Sir: Referring to Mr. Hoffman’s dispatch of the31st of August last, No. 1027, on the subject of marriages abroad between American citizens, I deem it proper to call your attention to the recent instructions , of the Department on that subject, to which the observations of Mr. Hoffman, in the dispatch referred to, are directed.

The question, no less from the intrinsic importance which attaches to a contract of so serious a nature, than in view of the grave consequences which may result, not only to the parties themselves, but to their offspring, from a misapprehension of the law governing such contracts, has been one of no little solicitude to the Department. It may be stated as a general rule, subject to few and rarely-occurring exceptions, that a marriage, solemnized according to the laws of the country in which it is celebrated, will be recognized as valid and binding under the laws of all other civilized or Christian nations; hence, while it was deemed proper to gratify the natural wish of American citizens to have a contract of such interest to them solemnized under the flag of their own country, and that the hospitality of the legation should be extended to them for that purpose, the Department at the same time considered it only safe and prudent to advise them “that a ceremony of marriage performed within the precincts of a legation may nevertheless be deemed to be performed in the country within which the legation is situated, and therefore ought, in all respects, to comply with the requirements of the laws of that country, in order to insure its validity.” The wisdom of this precautionary measure with regard to the marriage of American citizens at the United States legation in Paris is at once evident from the two cases which Mr. Hoffman instances, in which marriages, solemnized in each case at the respective embassy of one of the contracting parties, were both subsequently annulled by a French judicial tribunal. These two cases suggest a rather awkward commentary on the opinions of Mr. Moreau, adduced by Mr. Hoffman, in support of his own criticism of the views of the Department. Mr. Moreau’s opinion is to the effect “that a marriage contracted between Americans before the minister of the United States, and at the hotel of the legation, is valid in the eyes of French law.”
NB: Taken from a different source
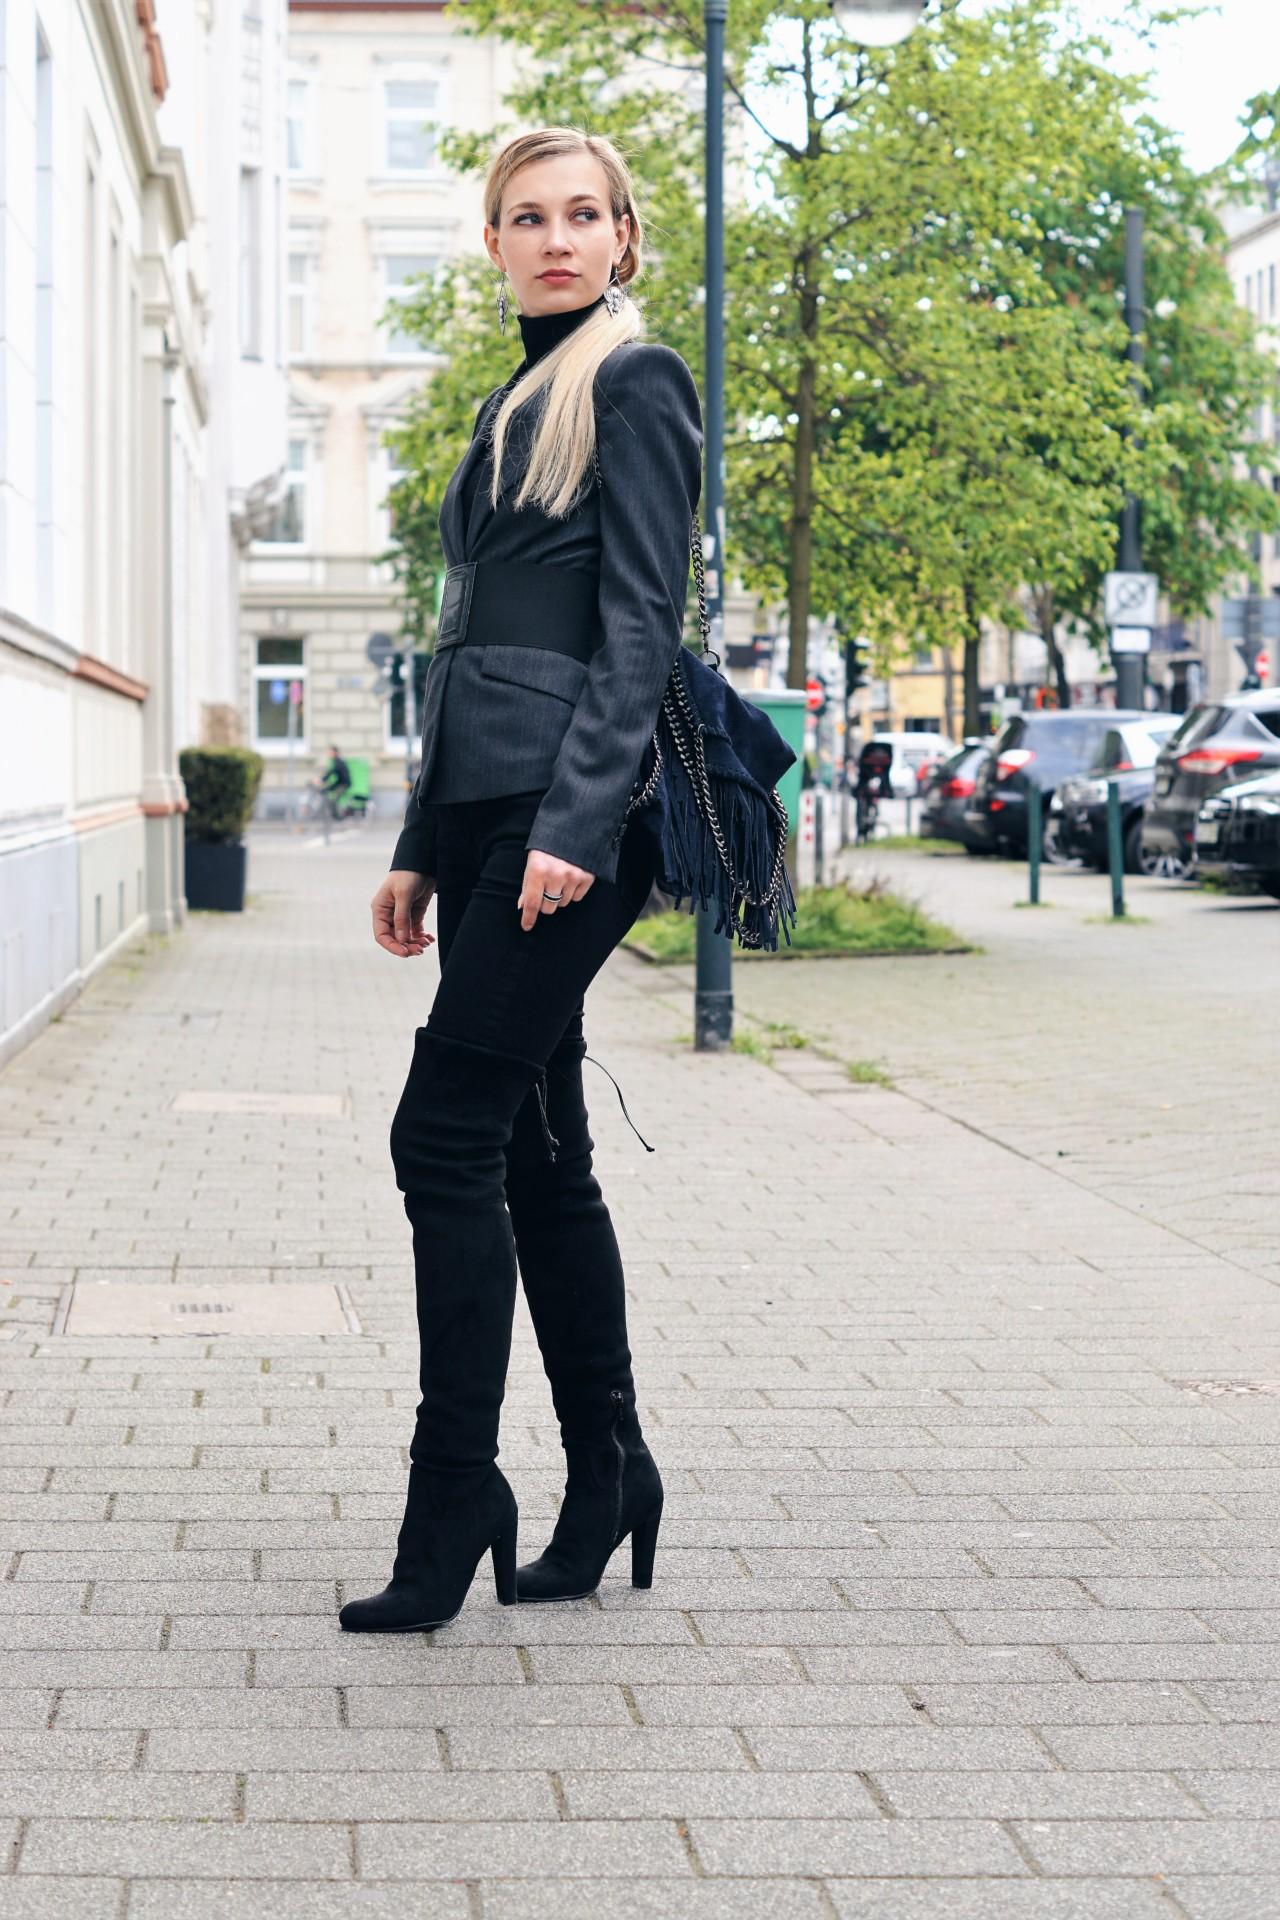 dbkstylez_hugo_boss_fashion_street_style_bestblog_fashion-inspiration_how_to
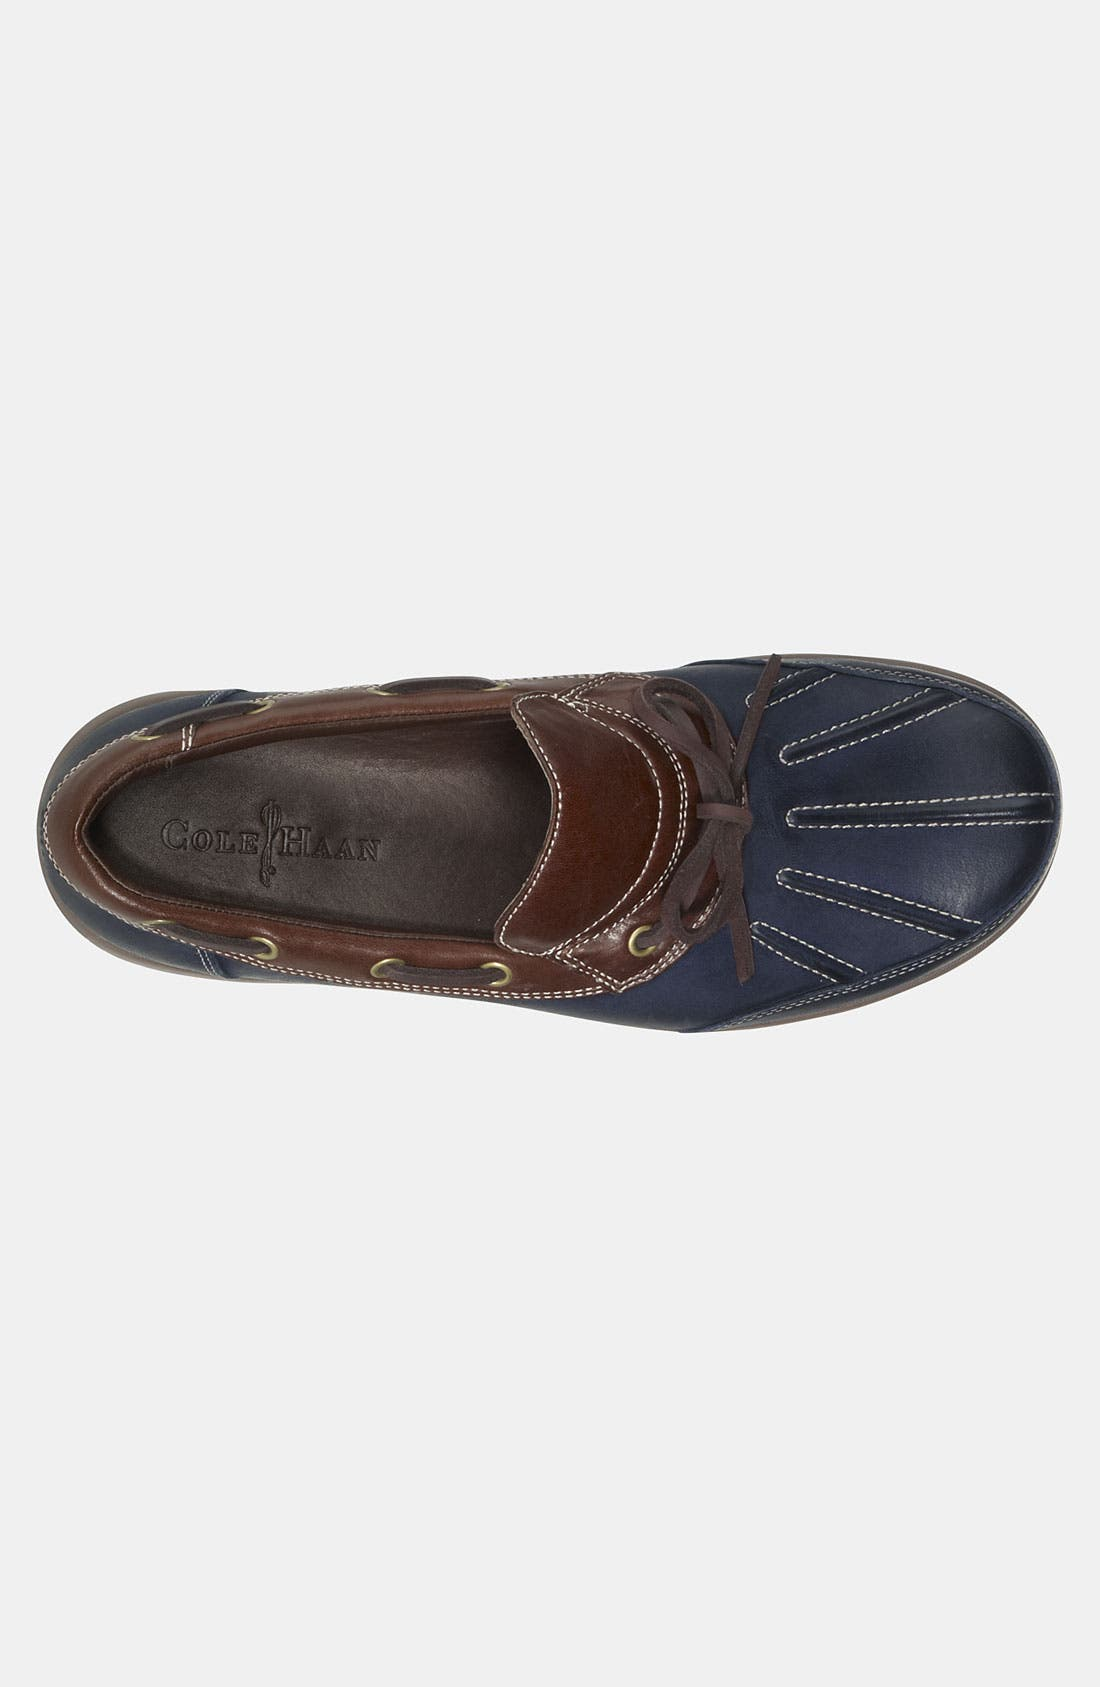 Alternate Image 3  - Cole Haan 'Air Rhone' Camp Boat Shoe

In both of the cases in which the marriages were held void by the French court the women were French, and it was upon this ground, as Mr. Hoffman states, that the contracts were held invalid, but the consequences were no less unfortunate on that account; rights of property acquired by the husbands or wives, either in consequence of or during coverture, were more or less affected by the decrees annulling the marriages. There may have been children of those marriages, and the consequences to them would be of a still more serious character. And if, in the case of a marriage solemnized at the legation between Americans, who might from any cause be incompetent to enter into such contract under the laws of France, its validity should be brought in question before a French tribunal, it is to be feared that even the opinion of the learned counsel in question would be found insufficient to secure the sanction of the court to its validity. It was in view of such considerations as these, and admonished by the frequent recurrence of questions growing out of the subject, that the Department deemed it [Page 446] advisable to instruct the diplomatic representatives of the United States, when application might be made for the use of the legation for such a purpose, to satisfy themselves by inquiry whether the parties might lawfully marry according to the laws of the country in which the legation is situated, and in case they were found incompetent thus to marry, to inform them that the ceremony could not be permitted to be performed in the legation. There is, moreover, a manifest impropriety in thus using the privileges of the legation to give even an implied sanction to the completion of a contract which may be held by the tribunals of the country in which the legation is situated to be in contravention of the laws of that country.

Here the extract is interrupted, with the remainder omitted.